Rijkaard'ın liderliğini yaptığı teknik ekip, Leo Franco'nun kendi sistemleri için doğru oyunculardan biri olduğuna kanaat getirdi. Ve Galatasaray'ın ikinci transferi, Arjantinli kaleci oldu.

Transfer sezonun ilk bölümünde Galatasaray, bonservissiz oyuncu alımlarına Beşiktaş'tan Gökhan Zan ile devam etti. Aslında; Gökhan'ın Florya'ya gelişini, Servet Çetin üzerinden okumak gerekir. Fransa'nın Marsilya takımına geçmesi gündemde olan Servet'in muhtemel eksikliğinin doldurulması adına alınıyordu, Gökhan Zan. Kâğıt üzerinde son derece tutarlı bir hamleydi, Galatasaray adına. Bir anlamda, ''Kâr-Maliyet Analizi'' yapılmıştı. 8-8,5 milyon € gibi bedel ile Marsilya'ya satılacak Servet Çetin'in yerine gelen Gökhan Zan, Galatasaray'ın elinde bulunan milli takım seviyesindeki savunmacı sayısını da beşe kadar çıkarıyordu.

Servet Çetin daha sonra Galatasaray'da kaldı. Marsilya'daki teknik adam değişikliği, kulübün en büyük hissedarlarından Robert Louis Dreyfus'un vefatı ve hâli hazırdaki başkan Pape Diouf'un istifası... Servet'in Marsilya transferinin önünde büyük engeller vardı. Olmadı. Önüne bakmaya devam etti, Galatasaray'ın transfer komitesi. Temmuz ayının ilk haftasında ise, yeni sezondaki ilk büyük yabancı transfer bombası patladı. Olympique Lyonnais'den Abdul Kader Keita getirildi Türkiye'ye. Yine sessiz ve derinden ilerlemişti, Galatasaray. Sabah saatlerinde açıklandı transfer. Frank Rijkaard ve ekibinin Galatasaray ile anlaşması, bir futbol devrimiydi. Abdul Kader Keita'nın transferi ise, o devrimin ayak sesleri.

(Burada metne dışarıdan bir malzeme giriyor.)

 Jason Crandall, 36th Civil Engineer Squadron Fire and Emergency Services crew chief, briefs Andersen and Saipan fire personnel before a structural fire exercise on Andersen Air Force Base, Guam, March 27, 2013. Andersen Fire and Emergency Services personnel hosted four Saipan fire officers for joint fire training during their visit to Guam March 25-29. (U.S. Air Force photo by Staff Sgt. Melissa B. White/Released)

Hikâyesi olan hamlelerdi hep. Ama içlerinden birini ayrı yere koymak gerekir. Temmuz ayının son gecelerinden biri. Yavaş yavaş aydınlanıyordu hava. Frank Rijkaard veya Kader Keita transferlerinden farklı olarak, beklenen bir isim vardı ama. Belki de telefonların çalması bekleniyordu yalnızca bir defa. O ''bip'' sesi ile anlaşılacaktı Galatasaray'ın yeni bir transfer bombası patlatacağı. Kaç saniye olabilirdi ki, o telefonun gelmesi ve bilgisayarlara koşulması arasında? Dört ya da bilemediniz beş saniye. Hem de en iyimser tahmine. Yıllar sonra bile anlatılacak harika bir transfer hikâyesi idi, Elano'nun Galatasaray'a gelişi. Tıpkı seneler evvel Gheorghe Hagi haberlerinin çıkması gibi. Elano da Galatasaray'daydı artık.

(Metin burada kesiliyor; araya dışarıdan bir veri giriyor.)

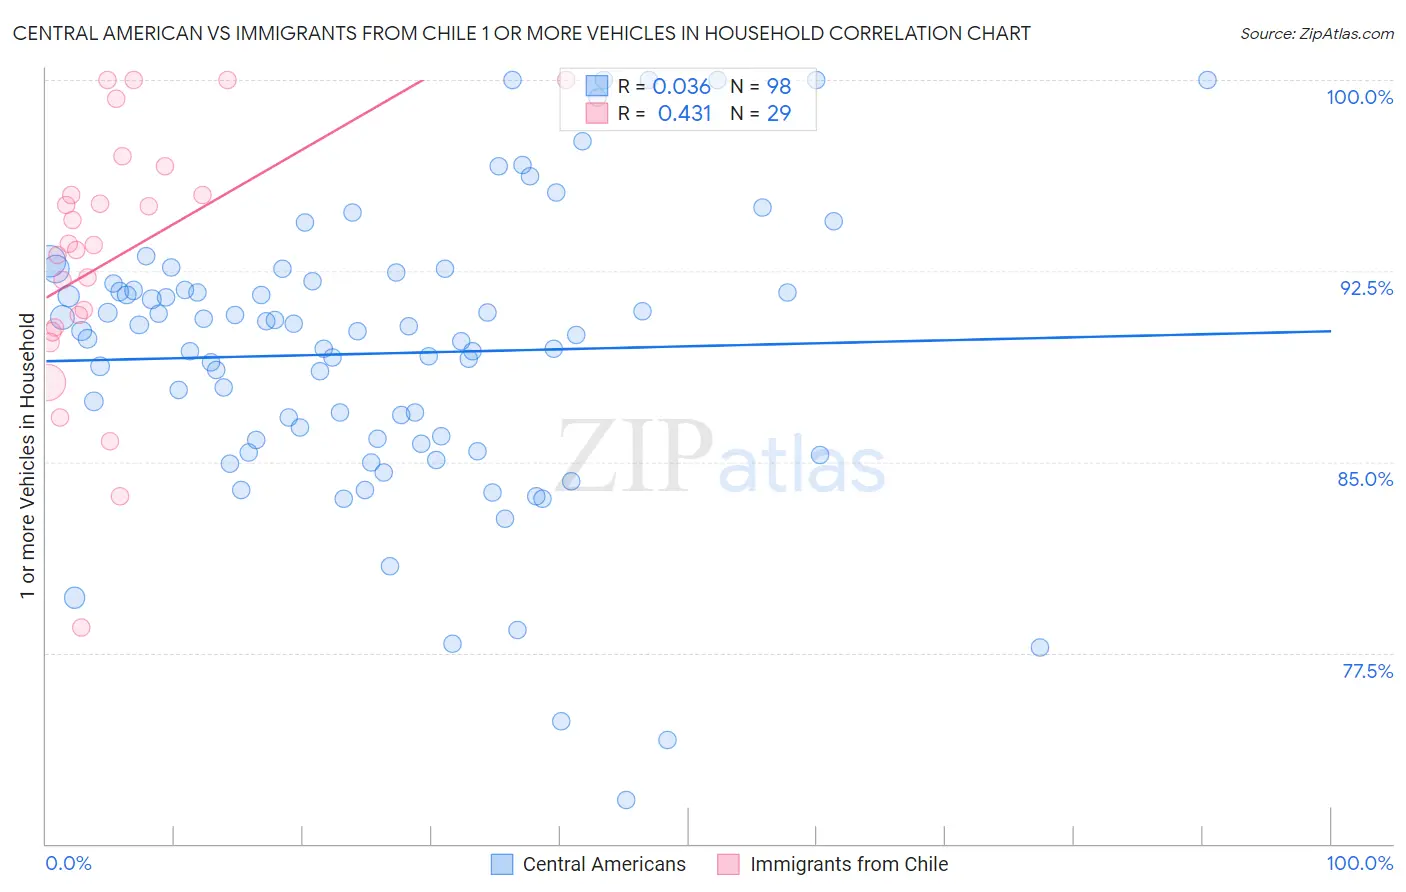 Central American vs Immigrants from Chile 1 or more Vehicles in Household

Mustafa Sarp, Leo Franco, Gökhan Zan, Kader Keita ve Elano. Galatasaray, bir sezon önceki Harry Kewell ve Milan Baros transferlerine harika ekler yapmıştı. Artık biraz da geleceği kurgulama vakti geliyordu.

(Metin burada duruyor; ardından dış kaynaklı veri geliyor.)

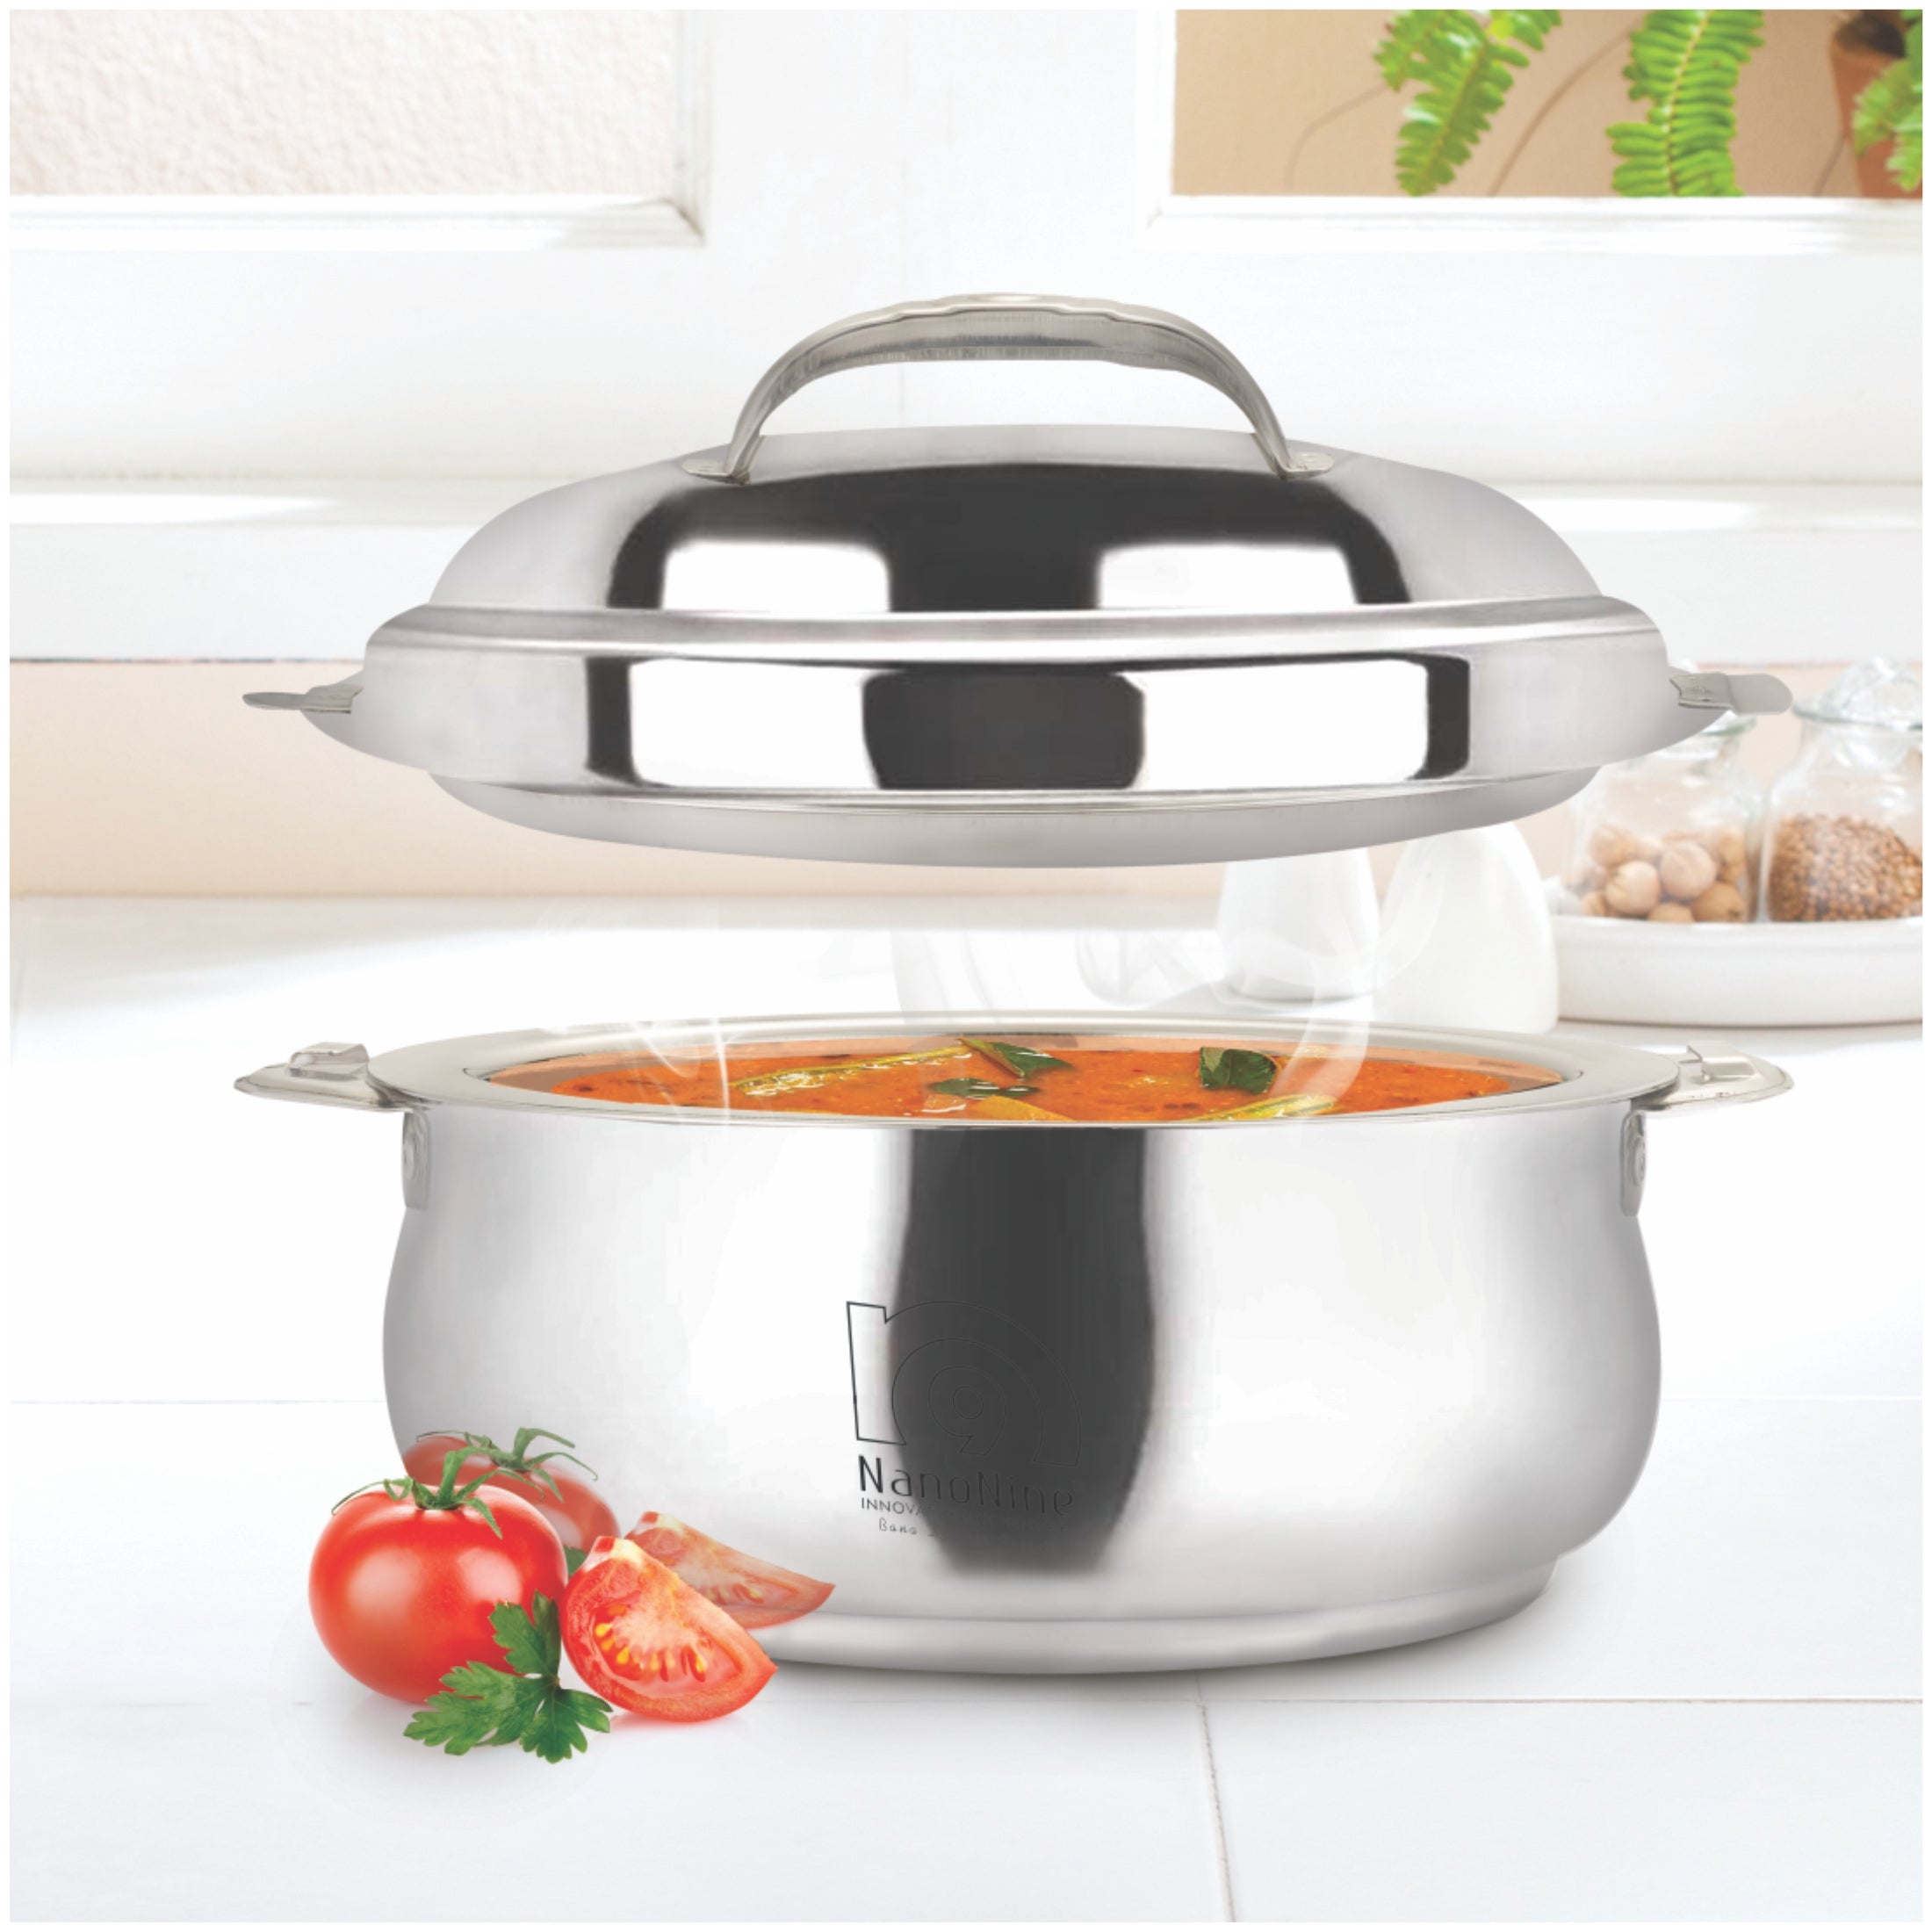 NanoNine Belly Premium 1.1 L Double Wall Insulated Hot Pot Stainless Steel Casserole with Steel Lid.

Transfer mevsiminin bu bölümü, daha rahat olacaktı elbette. Takımın iskeleti kurulmuştu. Üzerine ilaveler yapılacaktı. Diğer yandan; kadroda yer alan otuzdan fazla oyuncunun tasviyesinin planları oluşturuluyordu. Bir proje doğrultusunda transfer edilmesi düşünülen dört isim vardı: Sezer Öztürk, Ufuk Ceylan, Sercan Yıldırım ve Caner Erkin. Şampiyonluk yolundaki rakiplerinin 15-20 milyon € para harcayarak transfer ettiği isimlere karşılık aynı ücretlerle Kader Keita ve Elano Blumer gibi hem iki büyük yıldızı hem iki önemli sistem oyuncusunu kadrosuna katan Galatasaray'ın hareket alanı genişlemişti.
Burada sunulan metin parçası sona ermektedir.